I just wanted to point out that for the determination of a distance it is not necessary to measure two positions. Consider e.g. an atom which travels in a constant potential gradient. Now it gets ionized at t1 and takes up an electron at t2. I could measure somehow the potential difference of the two electrons which is proportional to the distance of the two events but contains no information about the absolute position of the atom.

21. Jul 17, 2010

sweet springs

Hi, tom.stoer,
Please take a look at mass spectrometer experiment configuration below.

y direction

0→x direction

○○○○●: detector for the measurement of position (x,y).
○○○/
○○/ Long distances so that the magnetic field area can be regarded as a point in calculation of bending angle
○/
□area of z-magnetic field. The beam must pass through this area.

beam of particle with y momentum

Not only y but also x should be measured to know bending angle i.e y momentum that the particle had befre it entered the magnetic field area, shouldn't it? I would like to know the experiment configuration of your case.

We can easily see that precise measurement of position (x,y) at detector brings precise measurement of y-momentum. It does not break HUP because position "now" and momentum "use to be prior to interaction with magnetic field" are not HUP partners.

Regards.

Last edited: Jul 17, 2010
22. Jul 17, 2010

tom.stoer

Think about a spherical screen with radius R around (x,y) = (0,0) instead of a planar one. The electrons start from a source at (0,0), of course with some uncertainty. Again we have a magnetic field in z-direction.

At each point of the screen you have a local coordinate system with its origin in (x,y) with x²+y² = R² which is rotated by a certain angle which you can calculate geometrically. At (x,y) = (R,0) the rotation angle of this local coordinate system is zero.

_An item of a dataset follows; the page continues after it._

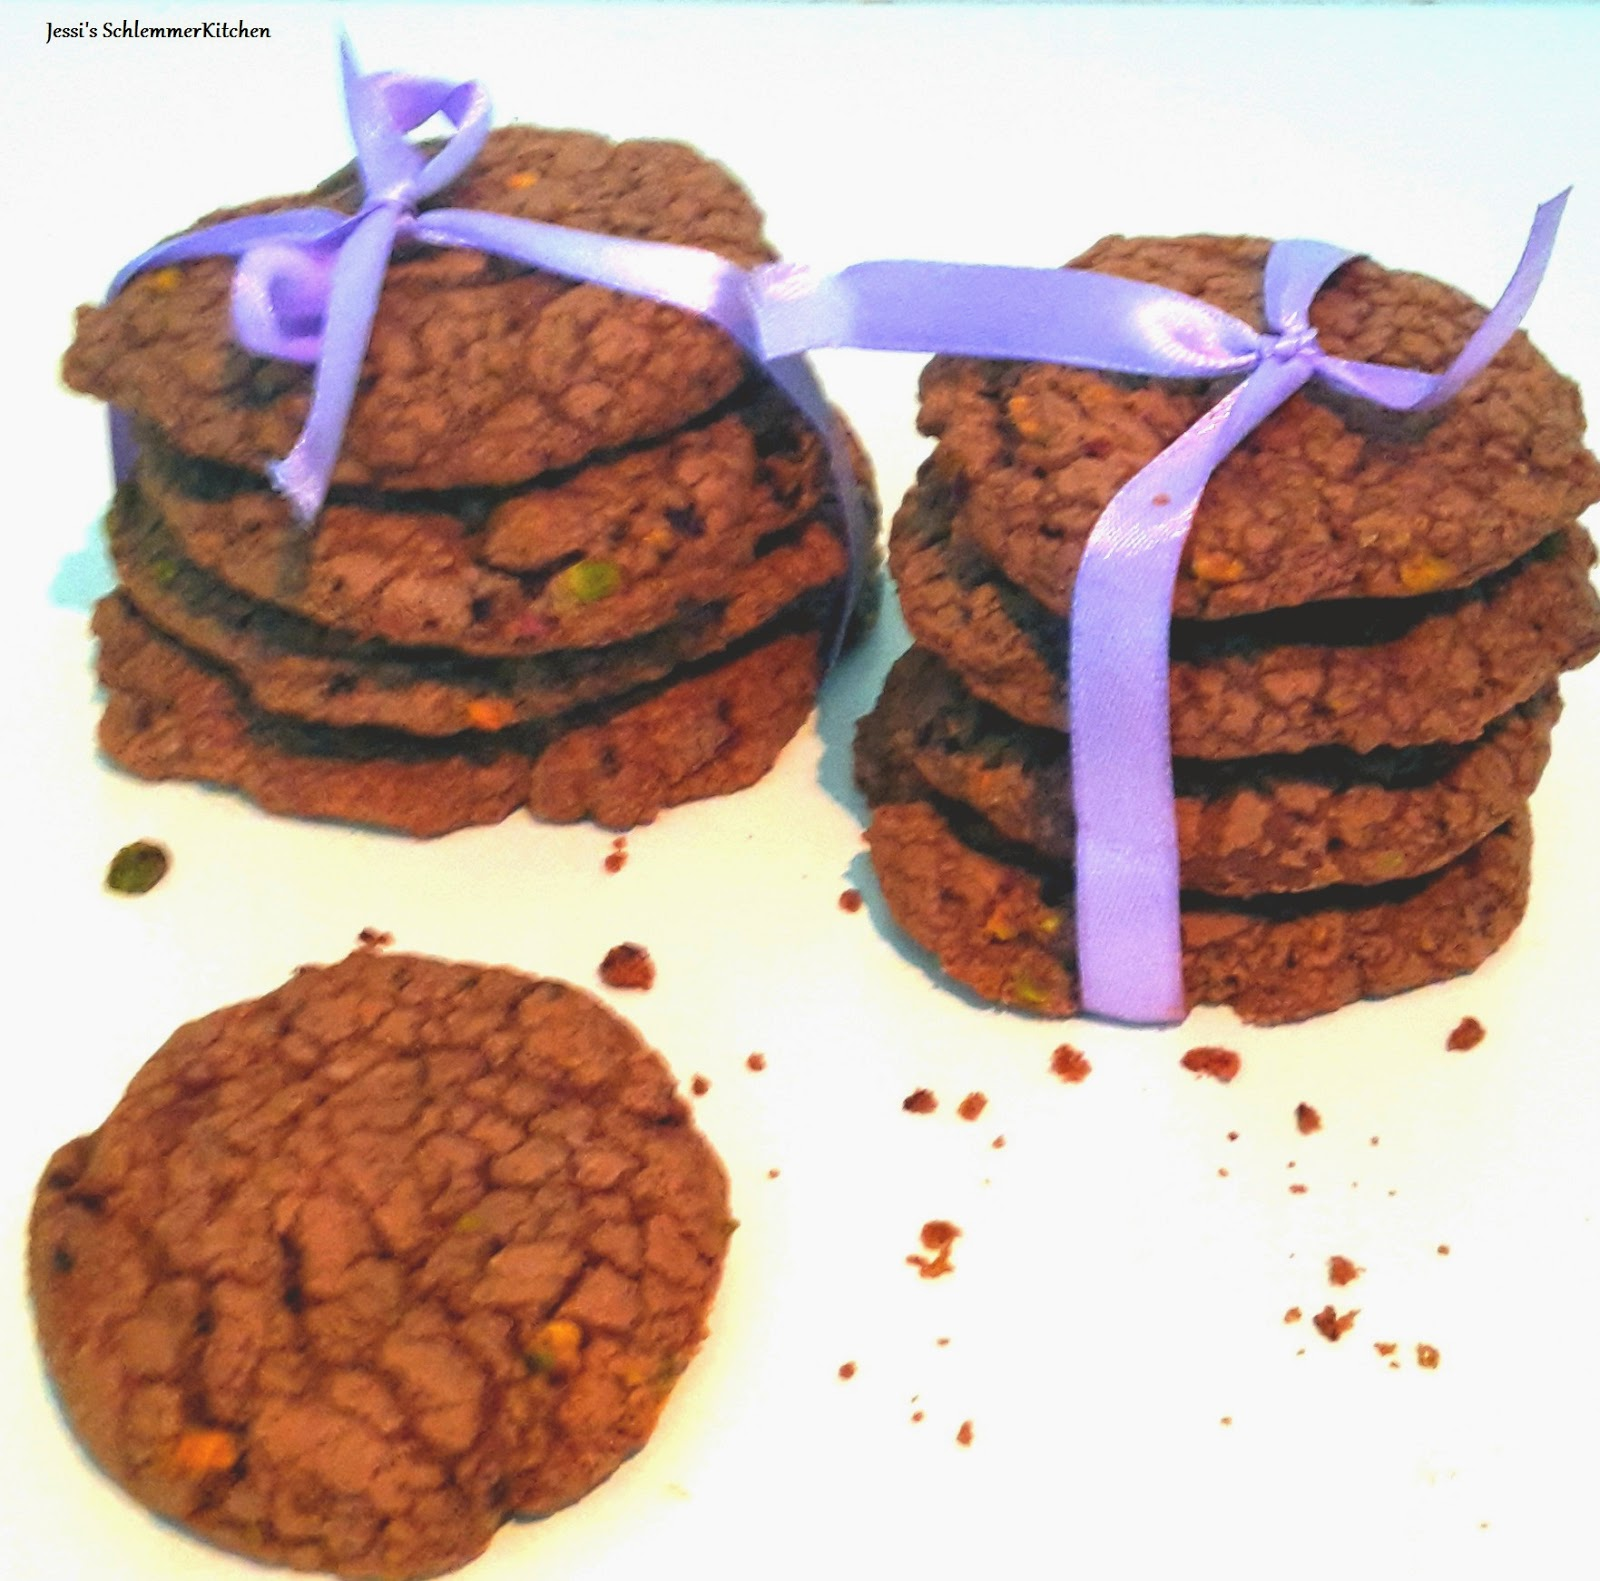 Choco-Pistachio-Cookies

Now once an electron hits the screen at (x,y) one exactly knows the rotation angle. This corresponds to measuring the "x' coordinate" which according to the local coordinate system defines the tangent space of the spherical screen. But the electron has moved along the "y' direction" which is radial = perpendicular to the screen.

So by measuring the point where the electron hits the screen you measure its radial velocity.

23. Jul 17, 2010

sweet springs

Hi, tom.stoer.
Thanks. I see you mean ρ-direction and φ-direction in cylindrical coordinate.
Regards.

24. Jul 17, 2010

yossell

I agree one can always ask the `really' question ad nauseam; but do you *really* think velocity in classical mechanics is as puzzling as in QM? Yes - velocity is distance travelled divided by time taken; yes, it turned out that time taken turned out to be a relative rather than absolute notion; many had long suspected that velocity was only a relative notion too, and that distance travelled was relative to a frame, always part of the concept.

Applying the concept to an object which lacks determinate position and does not travel along a definite trajectory seems problematic as it undermines the idea that the object is travelling a certain distance during its flight. Now, I think there are ways to combat this worry, and many have been mentioned in this thread, but it seems a decent worry in this context.

25. Jul 17, 2010

tom.stoer

If one defines velocity by v = p/m there is no reason to worry about position. It is of course no realistic interpretation and v = dx/dt seems to make more sense, but in qm things need not make sense any more; all that is required is that predictions are confirmed by experiment.

What one will find out in certain cases is that v = p/m allowes one to derive something like <dx/dt> and that this is rather close to a classical velocity. But that depends on the specific quantum state we are talking about; it need not work for all states.

Look at a qm oscillator: the Heisenberg operator x(t) "oscillates" with the classical frequency, but <x(t)> doesn't oscillate at all.